First we put our single qubit into a superposition state by setting it to **|1>**, then applying the Hadamard operation.

Encoding each weighted digit as multiples of a qubit phase rotation of _θ_ (dependant on the particular modulus) on a single qubit allows the sum to be built up.

* For ISBN-13; _θ_ = 2π/10 radians
* For ISBN-10; _θ_ = 2π/11 radians

The weighting is a function of the digit position. In the ISBN-13 scheme, odd positions have a x3 weighting. In the ISBN-10 scheme each digit is weighted by its position (leftmost digit is 10).
In this quantum implementation, this is the required encoding step to get our classical data into our quantum system.

To verify the check digit, we apply another Hadamard operation and then read the qubit. Only a correct checkdigit will provide 100% probability of reading a **1**.

For consistency in the qubit results, the code encodes input values with neither 10 nor 13 digits as a single phase rotation of 180 degrees to ensure 100% probability of reading a **0**, which can indicate the input was not recognised as an ISBN at all. (Otherwise a PHASE rotation of 0 looks like a validation). Some correct length ISBN-like values can produce this guaranteed **0** too, but they will have invalid checkdigits.

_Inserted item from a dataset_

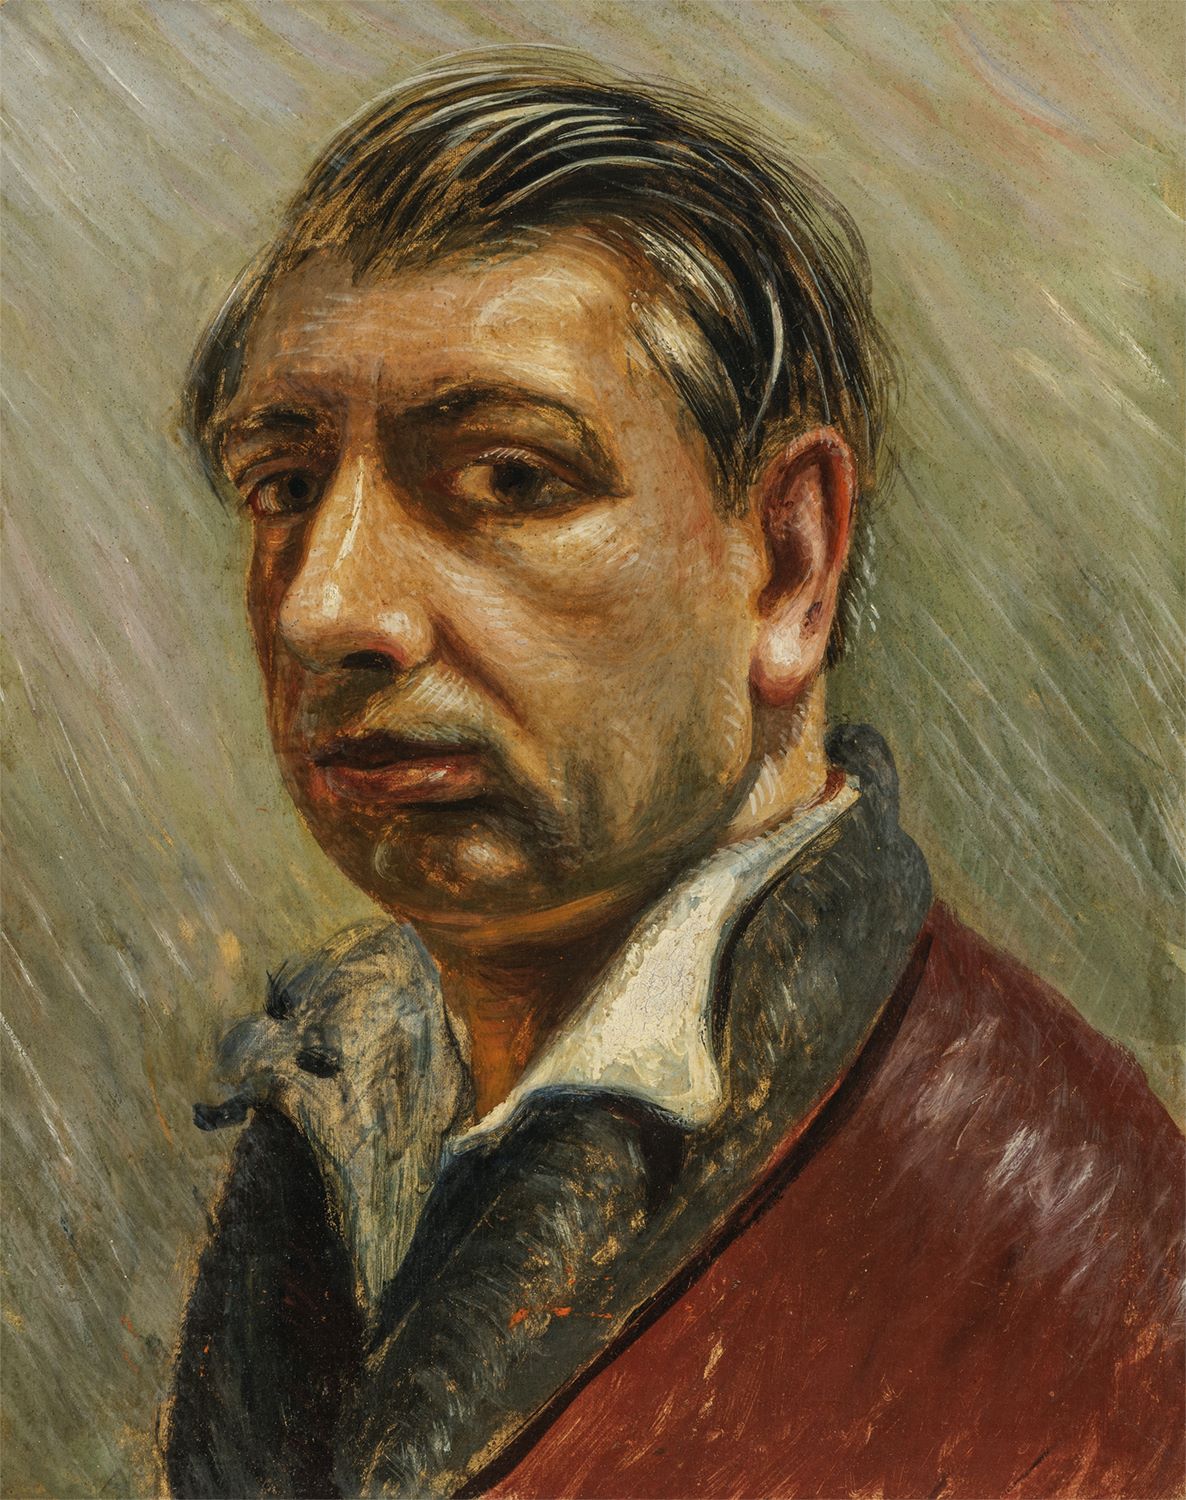 GIORGIO De Chirico, Self Portrait, 1929-1930, Oil on cardboard, 41 x 33 cm

`matplotlib` output for a ISBN-13 validation circuit:
![Quantum circuit for ISBN-13 validation](img/ISBN13-circuit.png)

## Usage examples
Requires Python, [Qiskit](https://qiskit.org/), and `matplotlib` (for displaying the quantum circuits).

Positive validation:
```
$ ./qisbn.py 9781492039686
Validating ISBN 9781492039686...
Shots: 300
Counts: {'1': 300}
ISBN 9781492039686 validates!
```
Negative result:
```
$ ./qisbn.py 9781492039684
Validating ISBN 9781492039684...
Shots: 300
Counts: {'0': 98, '1': 202}
9781492039684 does not validate!
```

## Original circuit
Below is the original version of my validation algorithm attempt, which uses 3 qubits and a swap check to determine whether the weighted sum modulo _n_ is equal to the phase encoded checkdigit (negative rotation).
The circuit is a bit more interesting and gives the same result, but after creating it and seeing how it worked, I realised it was uneccesarily complex and could be simplified to use
only one qubit for the same functionality.

Here is that earlier circuit drawn using [QCEngine](https://oreilly-qc.github.io/docs/build/index.html):

![Earlier 3 qubit version of an ISBN validation circuit](img/original-qISBN-circuit.png)

## License
This project is licensed under the terms of the [MIT license](LICENSE.txt).